Charles Baudelaire, “The Painter of Modern Life” (1863). In Charles Baudelaire, The Painter of Modern Life and Other Essays. Jonathan Mayne, trans. (London: Phaidon, 2006), p. 32.

Dandyism appears above all in periods of transition, when democracy is not yet all-powerful, and aristocracy is only just beginning to toter and fall. In the disorder of these times, certain men who are socially, politically and financially ill at ease, but are all rich in native energy, may conceive the idea of establishing a new kind of aristocracy, all the more difficult to shatter as it will be based on the most precious, the most enduring faculties, and on the divine gifts which work and money are unable to bestow. Dandyism is the last spark of heroism amid decadence…. Dandyism is a sunset; like the declining daystar, it is glorious, without heat and full of melancholy. But alas, the rising tide of democracy, which invades and levels everything, is daily overwhelming these last representatives of human pride and pouring floods of oblivion upon the footprints of these stupendous warriors.

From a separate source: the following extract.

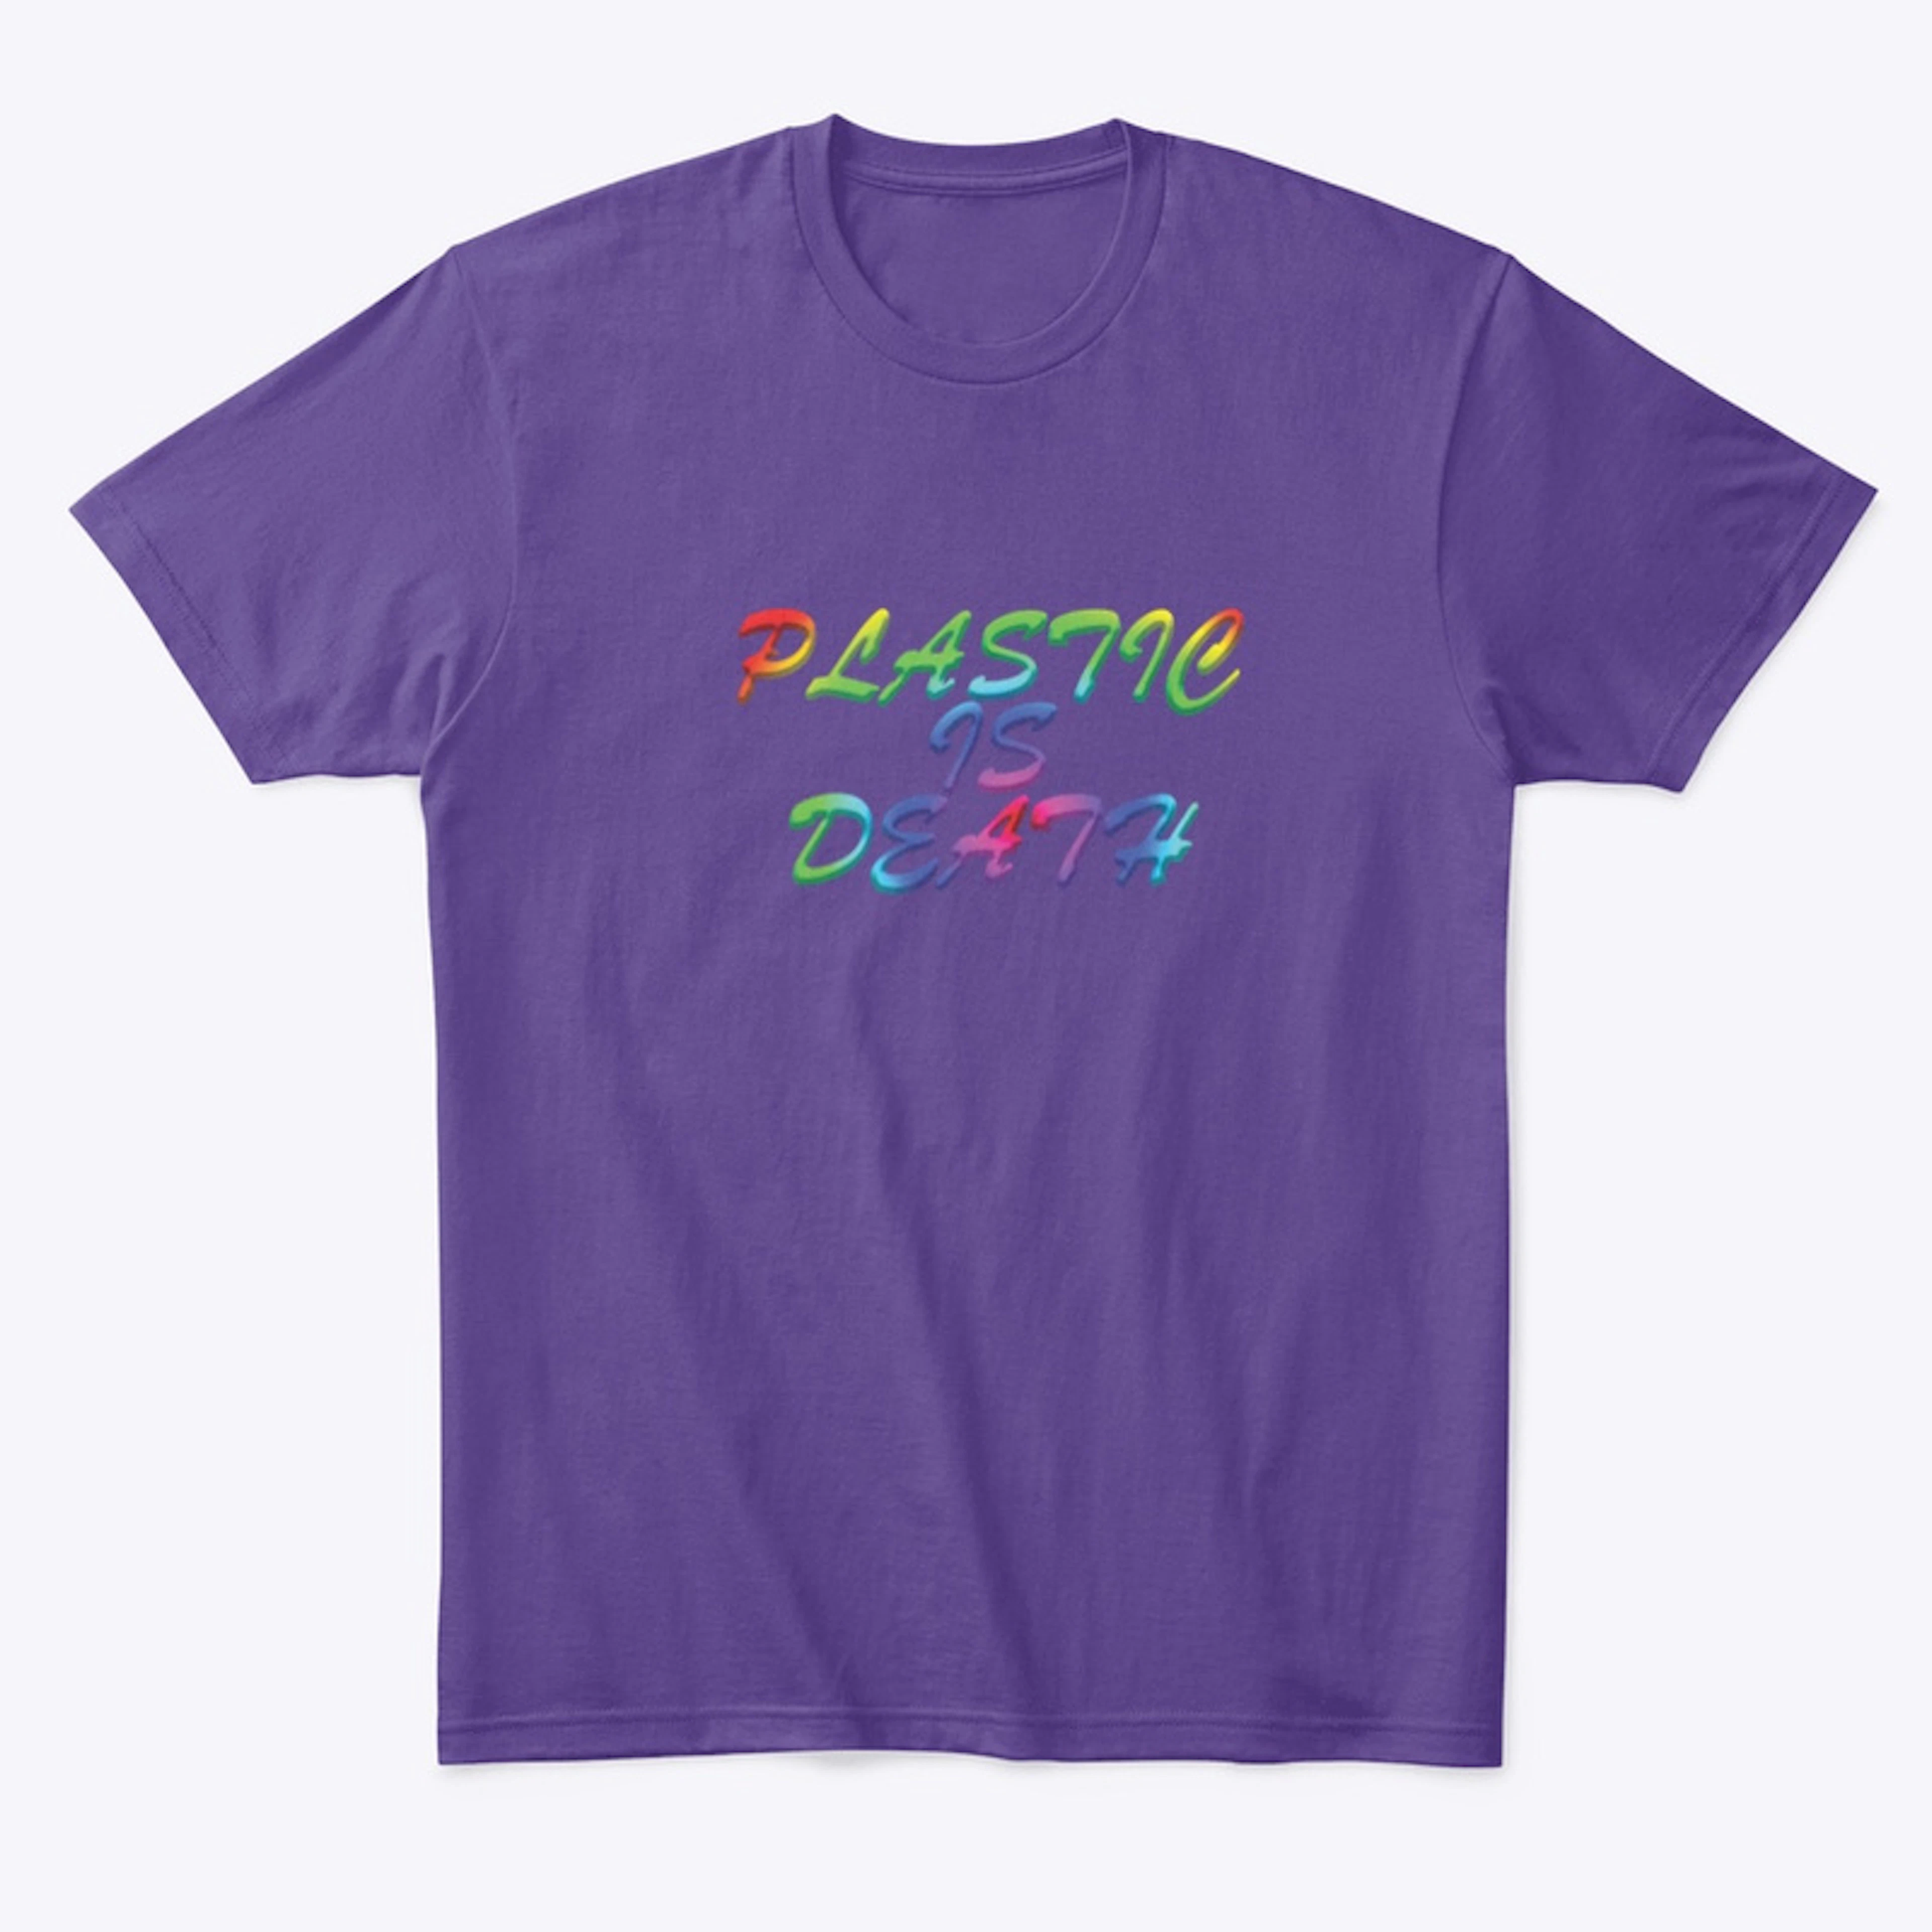 Plastic Is Death
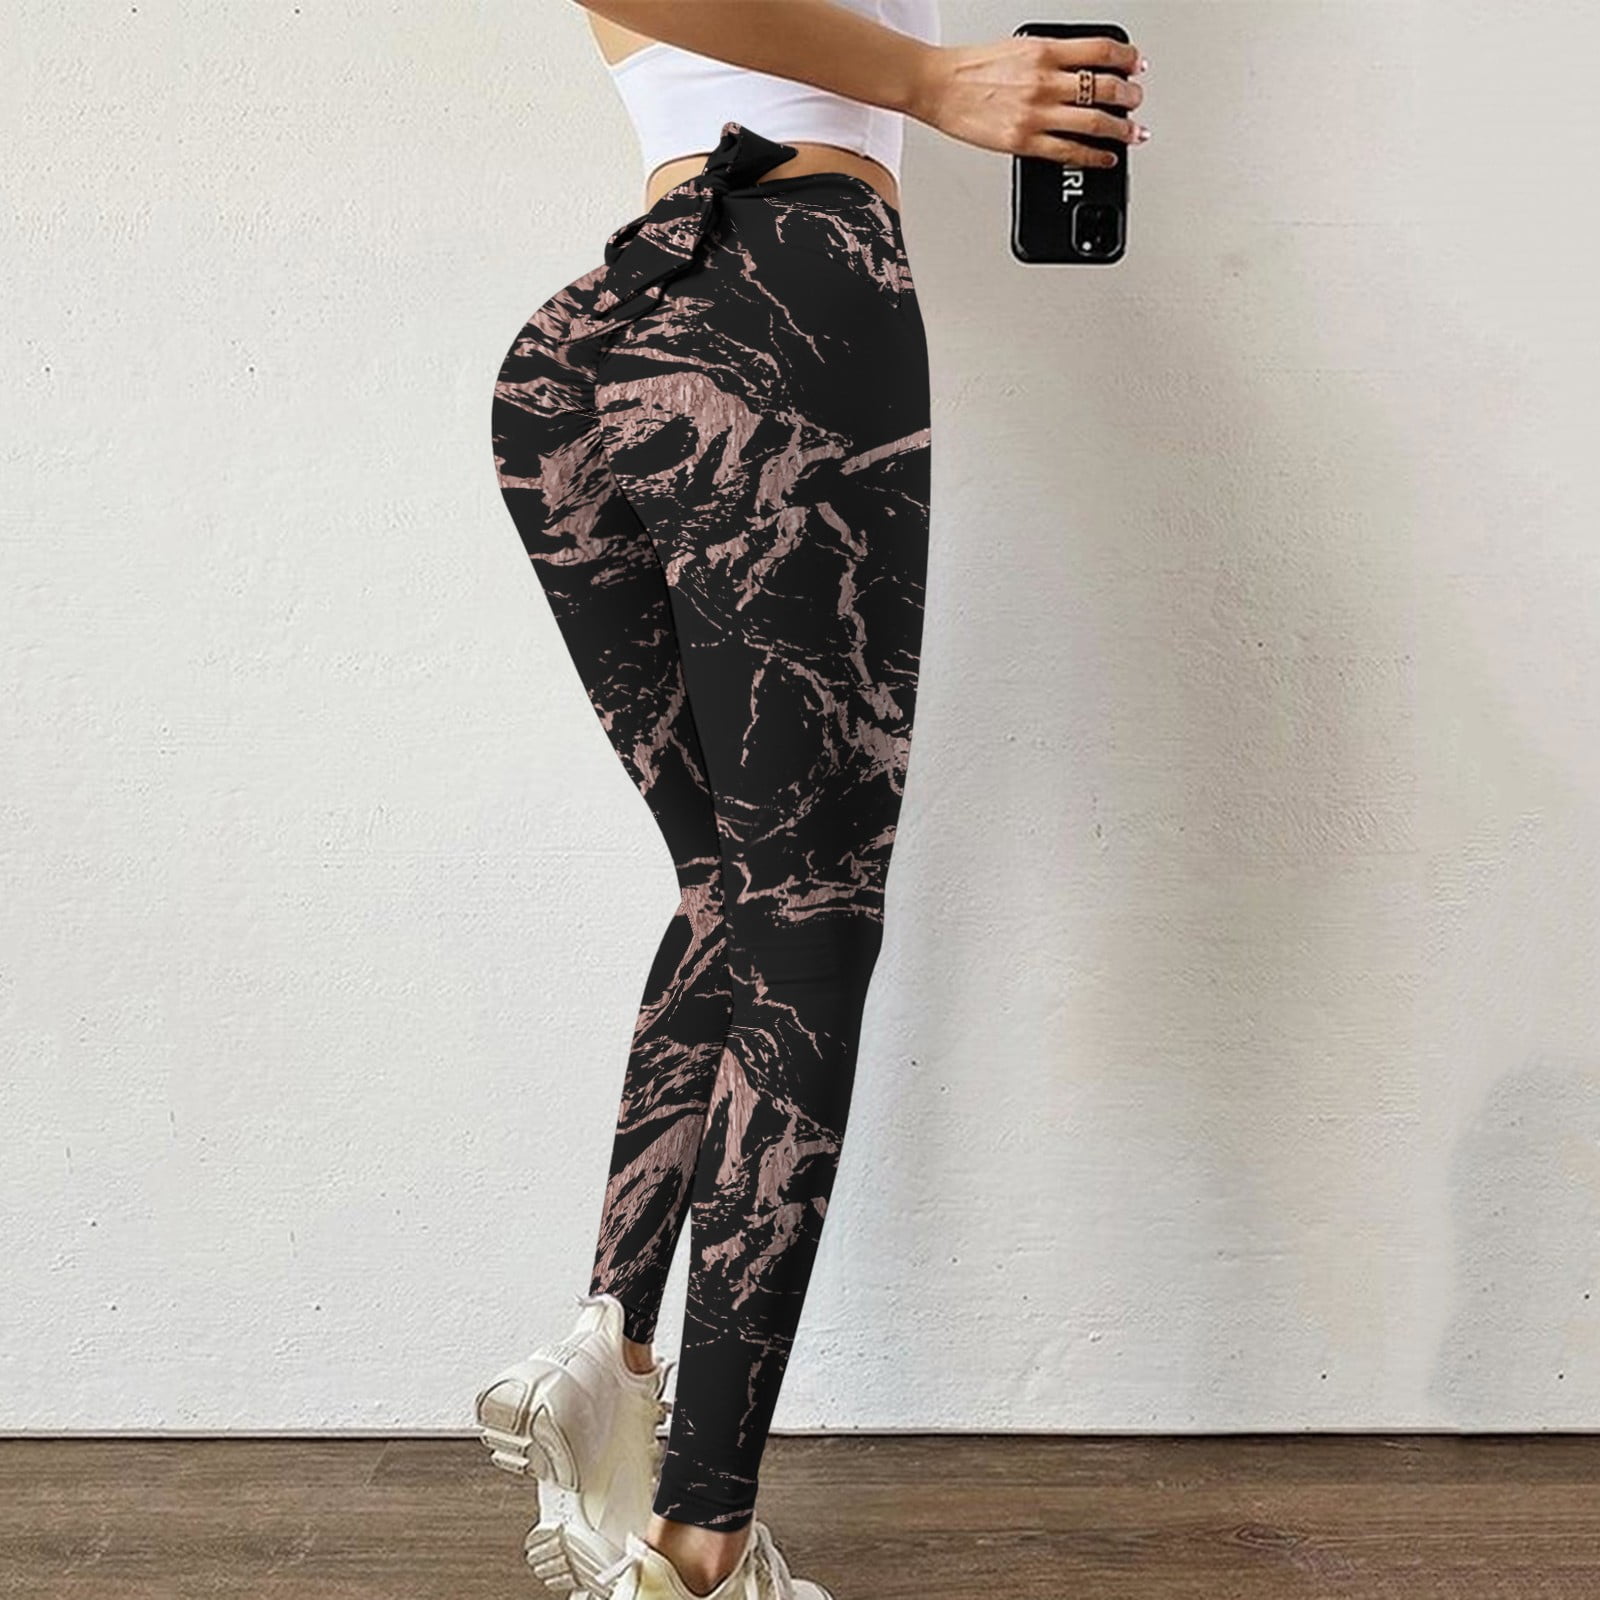 Gubotare Yoga Pants For Women Bootcut Women's Yoga Pants High Waist 7/8  Length Leggings Tummy Control Non See-Through Workout Sport Running

Charles Baudelaire, “The Painter of Modern Life” (1863). In Charles Baudelaire, The Painter of Modern Life and Other Essays. Jonathan Mayne, trans. (London: Phaidon, 2006), pp. 28-9.

Once more to attempt a definition of the kind of subjects preferred by our artists, we would say that it is the outward show of life, such as it is to be seen in the capitals of the civilized world; the pageantry of military life, of fashion and of love.

Charles Baudelaire, “The Painter of Modern Life” (1863). In Charles Baudelaire, The Painter of Modern Life and Other Essays. Jonathan Mayne, trans. (London: Phaidon, 2006), p. 24.

The eye wanders from the banks of the Danube to the shores of the Bosphorus, from Cape Kerson to the plains of Balaclava, from the plains of Inkermann to the encampments of the English, French, Turks and Piedmontese, from the streets of Constantinople to the hospital wards and all the splendour of religious and military ceremonial.

Charles Baudelaire, “The Painter of Modern Life” (1863). In Charles Baudelaire, The Painter of Modern Life and Other Essays. Jonathan Mayne, trans. (London: Phaidon, 2006), p. 18.

It is the fear of not going fast enough, of letting the phantom escape before the synthesis has been extracted and pinned down; it is that terrible fear which takes possession of all great artists and gives them such a passionate desire to become masters of every means of expression so that the orders of the brain may never be perverted by the hesitations of the hand and that finally execution, ideal execution, may become as unconscious and spontaneous as is digestion for a healthy man after dinner.

Charles Baudelaire, “The Painter of Modern Life” (1863). In Charles Baudelaire, The Painter of Modern Life and Other Essays. Jonathan Mayne, trans. (London: Phaidon, 2006), p. 17.

[There is] … a need to see things broadly and to consider them above all in their total effect. It is by no means out of place here to remind my readers that all those painters whose vision is synthesizing and abbreviative have been accused of barbarousness — M. Corot, for example, whose initial concern is always to trace the principal lines of a landscape — its bony structure, its physiognomy, so to speak. Likewise Monsieur G. brings an instinctive emphasis to his marking of the salient or luminous points of an object (which may be salient or luminous from the dramatic point of view) or of its principle characteristics, sometimes even with a degree of exaggeration which aides the human memory; and thus, under the spur of so forceful a prompting, the spectator’s imagination receives a clear-cut image of the impression produced by the external world upon the mind of Monsieur G. The spectator becomes the translator so to speak, of a translation which is always clear and thrilling.

Charles Baudelaire, “The Painter of Modern Life” (1863). In Charles Baudelaire, The Painter of Modern Life and Other Essays. Jonathan Mayne, trans. (London: Phaidon, 2006), p. 15.